## Input

● ● ● ● ●

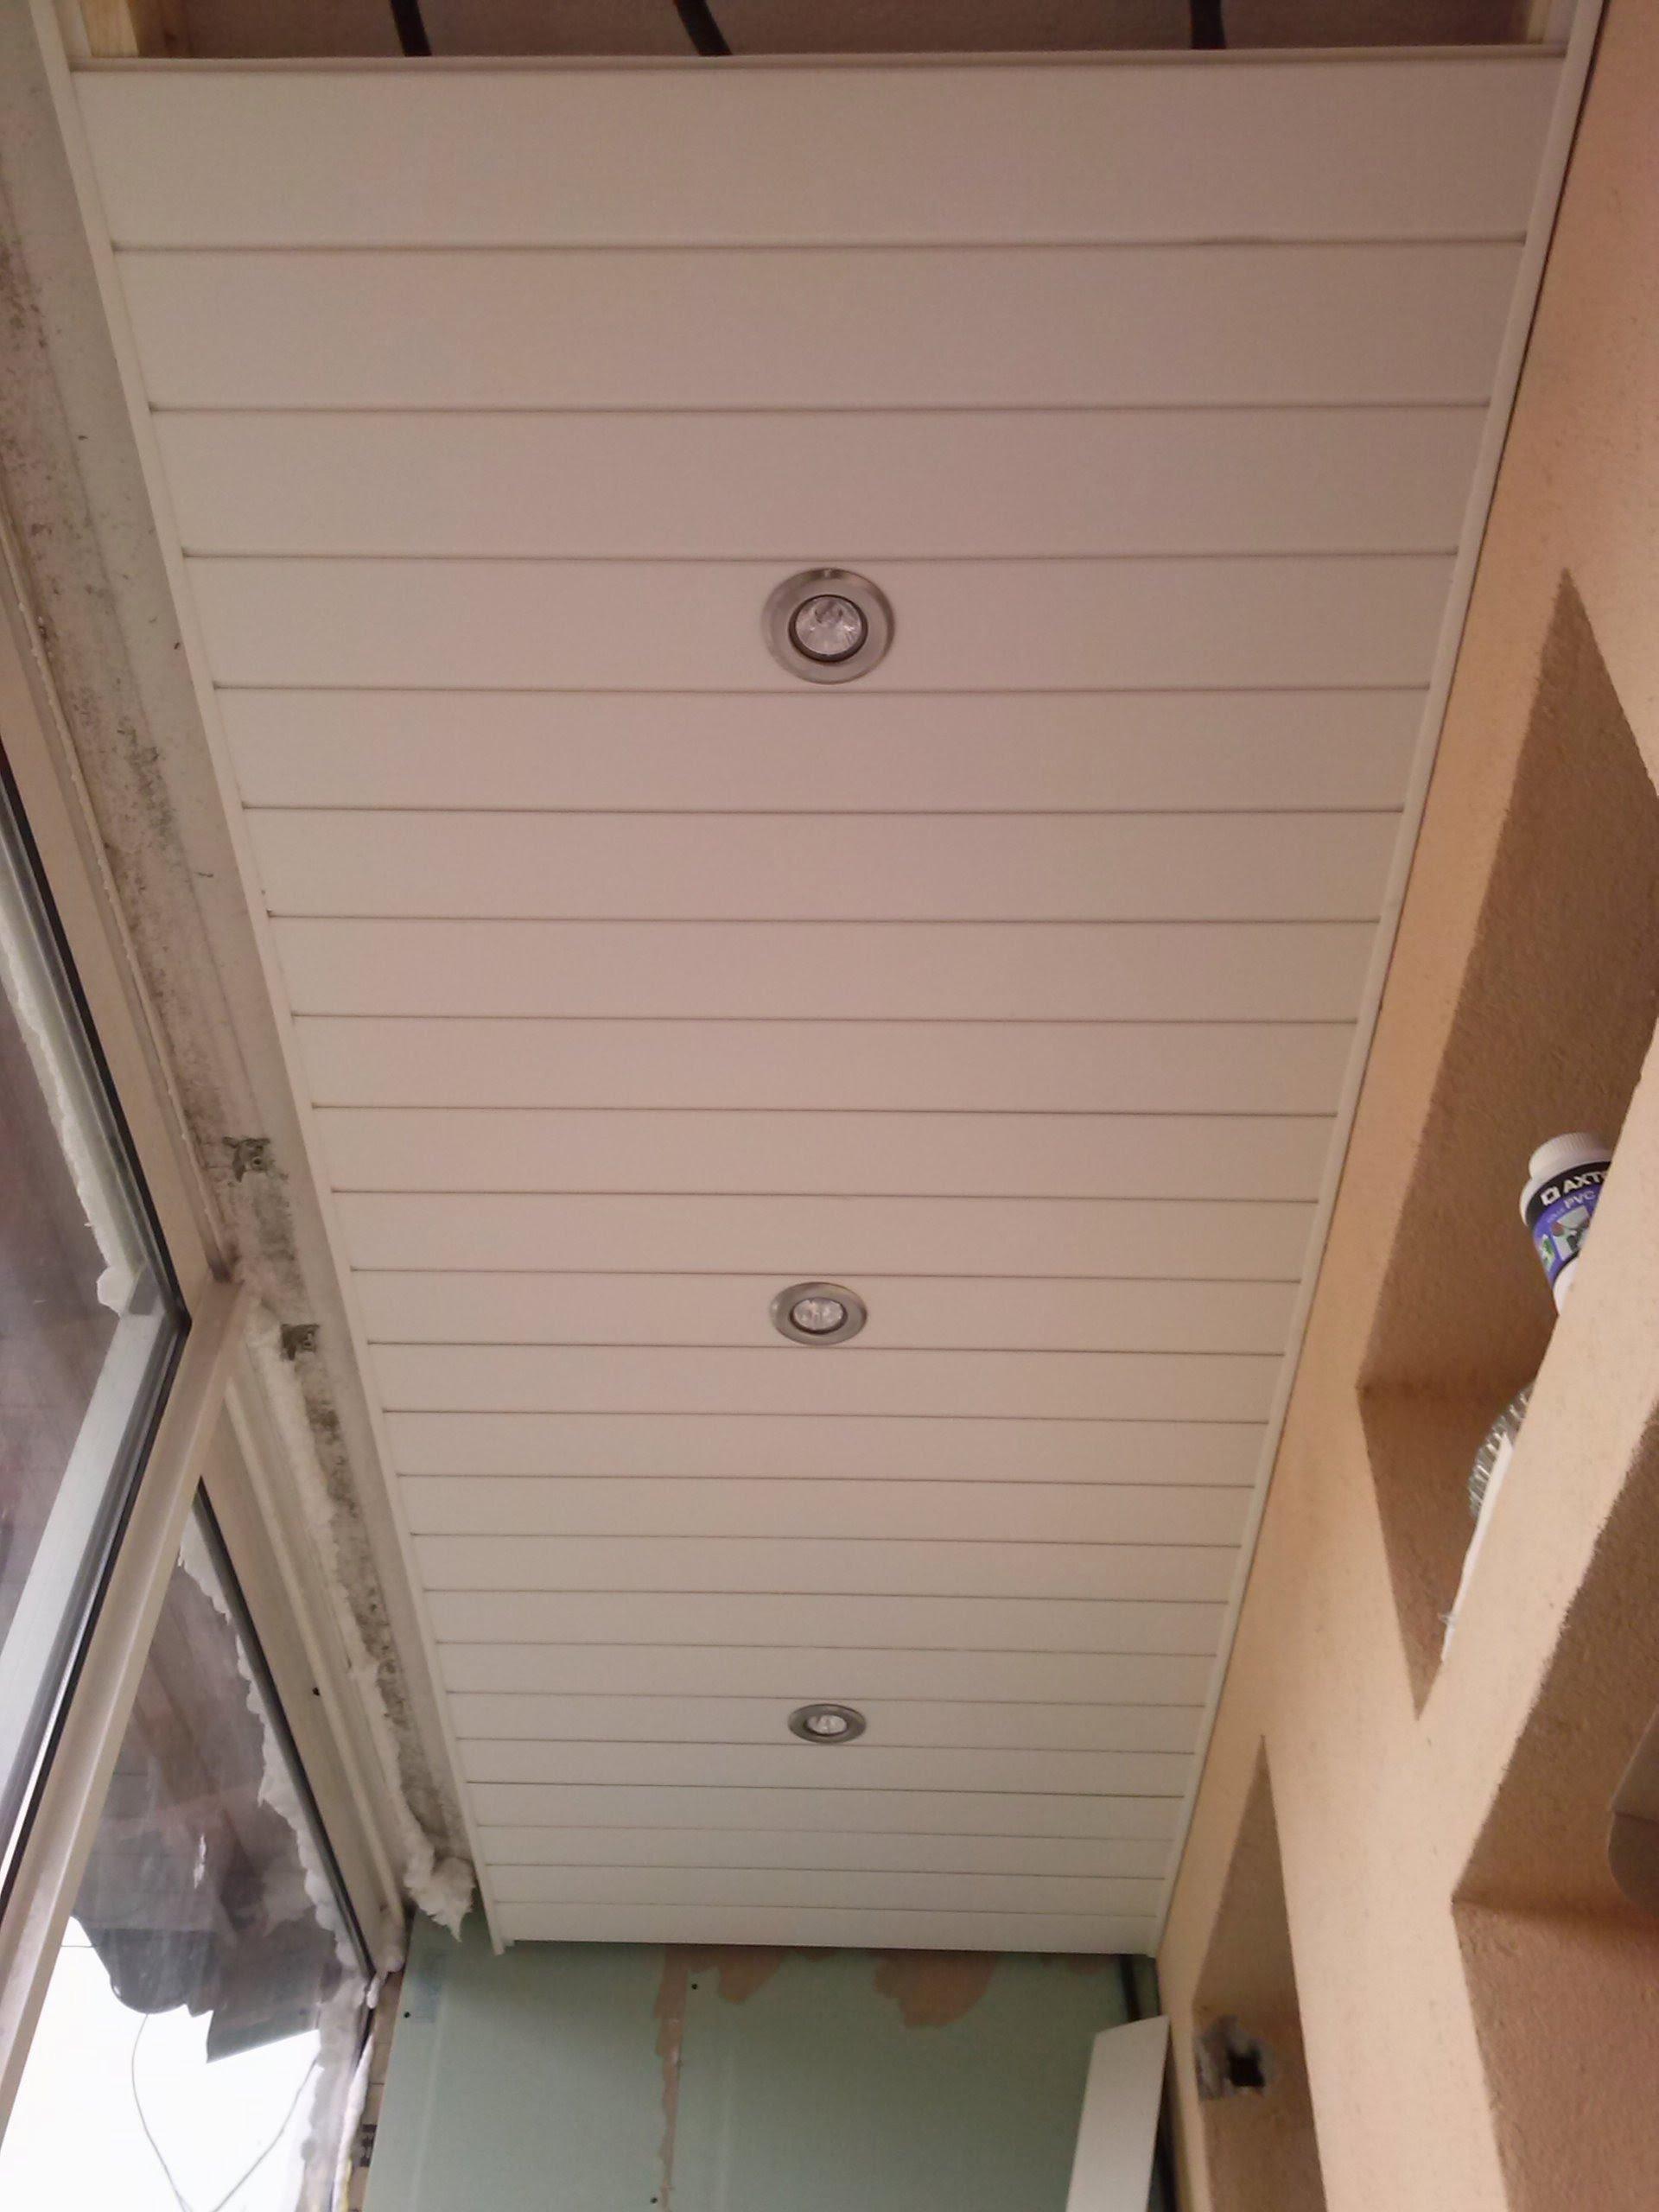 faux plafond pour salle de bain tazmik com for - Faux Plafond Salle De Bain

● ● ● ● ●

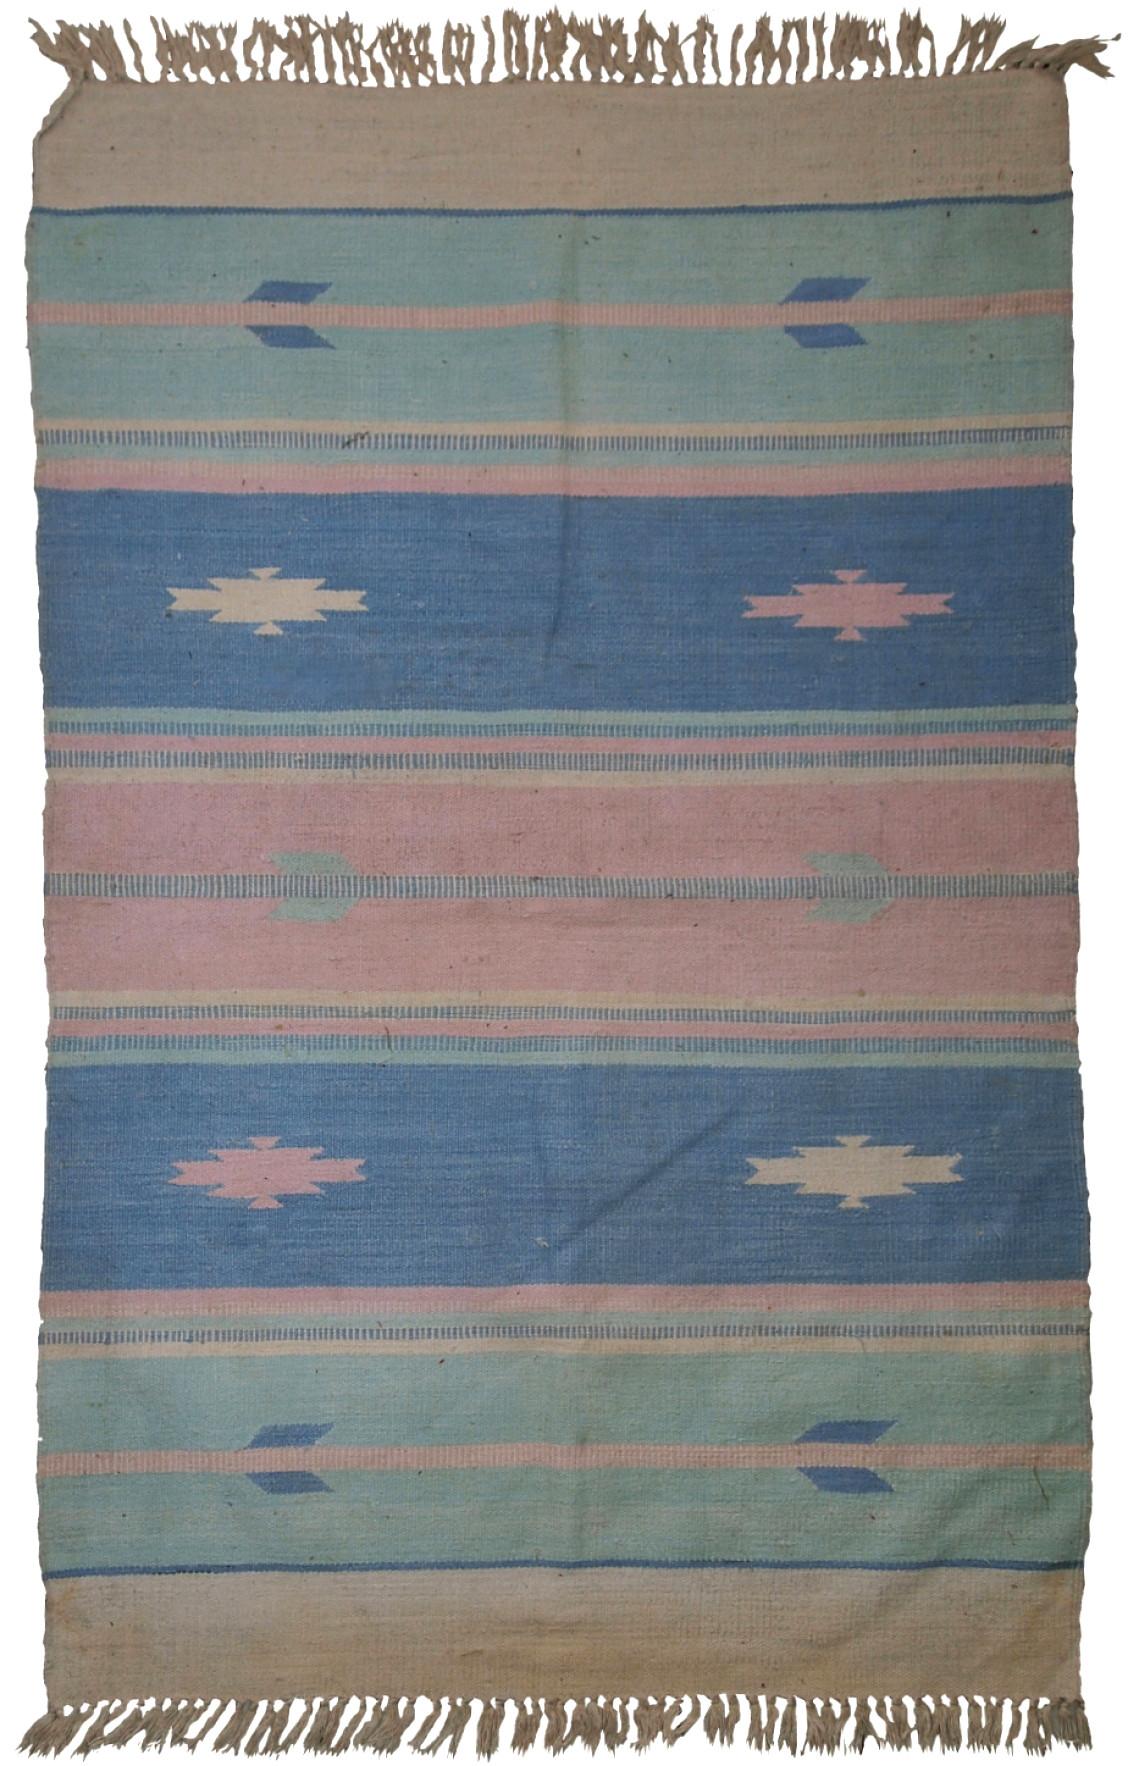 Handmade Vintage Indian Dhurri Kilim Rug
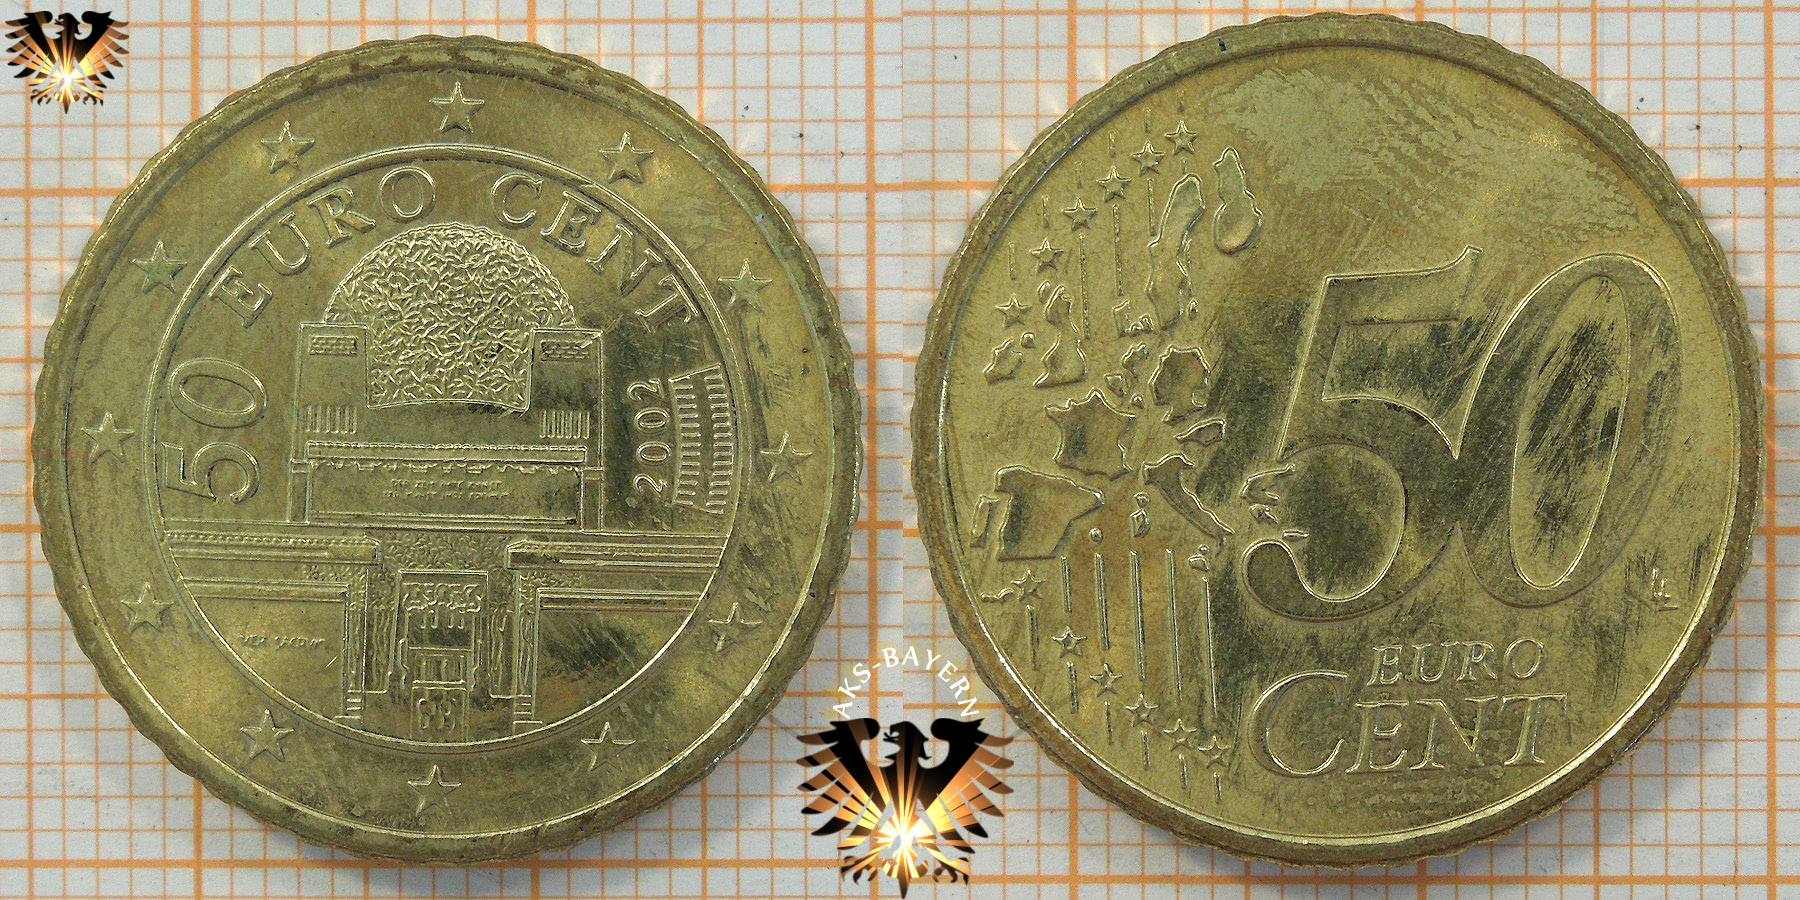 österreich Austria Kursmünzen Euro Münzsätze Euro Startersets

● ● ● ● ●

## Work task
Look above for the line with "Handmade Vintage Indian Dhurri Kilim Rug" and the line with "österreich Austria Kursmünzen". Copy them and every line between, exactly, but no pictures.

## Exercise answer
 Handmade Vintage Indian Dhurri Kilim Rug
 österreich Austria Kursmünzen Euro Münzsätze Euro Startersets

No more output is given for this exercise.